Il n'y a pas de divergence, madame la garde des sceaux, entre votre opinion et celle que je tente de défendre. Vous êtes garde des sceaux, vous défendez la jurisprudence et vous tenez un discours légitime pour une ministre de la justice. Vous dites que la jurisprudence couvre toutes les situations et qu'il n'est pas nécessaire d'apporter dans la loi la précision que je suggère. Néanmoins, nous avons également, dans cet hémicycle, un devoir de lisibilité et de pédagogie à accomplir. Votre discours est légitime, mais l'est tout autant le souhait des parlementaires de ne pas se satisfaire de la jurisprudence et de mettre en conformité la loi avec celle-ci. Tel est notre objectif collectif, comme le montre le fait que les amendements qui avaient été déposés provenaient de presque tous les bancs. C'est bien la preuve qu'un problème se pose. Il ne me semble pas illégitime que les parlementaires veuillent clarifier la loi et refusent de se satisfaire de la jurisprudence. Voilà le constat initial.

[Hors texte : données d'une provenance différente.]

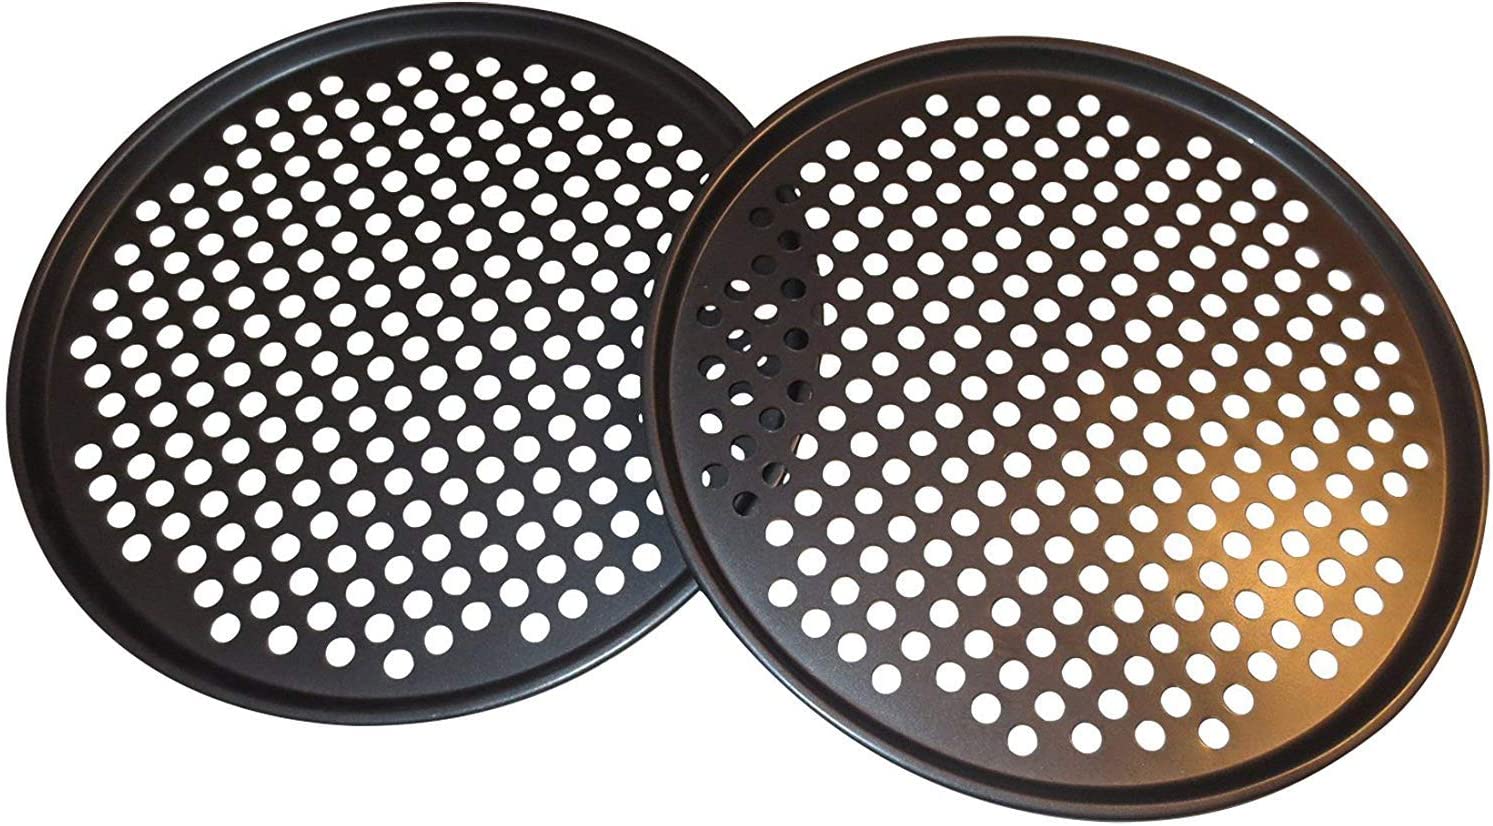 Maxi Nature Pizza Tray Set of 2 - Non-Stick Baking, Even Heat Distribution - Pizza Pan for the Oven - Perforated Stainless Steel for Crispy Crust - 13 Inches, 33 cm

Pour clarifier la pratique et la loi, nous devons régler le problème de l'ancienneté de la relation, que l'amendement de mon collègue Stéphane Peu résout – d'ailleurs, en donnant un avis favorable à cet amendement, madame la garde des sceaux, vous avez bien considéré que l'intervention du législateur était utile – , et celui, tout aussi important, ayant trait à la nature des relations. Le caractère d'ancienneté, tel qu'il est défini, ne se raccroche qu'au concubinage, qui est la forme la plus légère décrite dans le code civil, car il est question d'une relation « continue et stable ». Mais la petite amie passagère ou le petit ami passager n'entrent pas dans le champ de la loi. Je ne souhaite pas alourdir cette dernière de mots inutiles, mais il faut couvrir à la fois l'ancienneté et la nature de la relation.
Voilà pourquoi j'ai déposé, un peu précipitamment, un sous-amendement qui, me semble-t-il, ne pose pas de problème majeur et dont la rédaction pourra évoluer au cours de la navette parlementaire.
On pourrait imaginer que l'utilisation de cette nouvelle expression de « relation de couple » désorganise d'autres normes juridiques, qui ne mentionneraient que le concubinage. Nous avons vérifié ce point : il se trouve qu'il n'existe aucun problème de coordination avec le sous-amendement no 176 . Les occurrences du terme « couple » dans les autres codes législatifs ressortissent aux cas d'expulsion locative, ainsi qu'aux conséquences de certaines dispositions relatives au droit des étrangers. Sur ces deux sujets, on comprend que le concubinage est un préalable.
Autrement dit, pour être très précis, le sous-amendement ne désorganise aucune disposition majeure de notre droit. Il se contente de clarifier l'amendement no 119 . Je souhaite que nous l'adoptions, afin que nous puissions l'améliorer dans le cadre de la navette parlementaire, plutôt que de rejeter brutalement.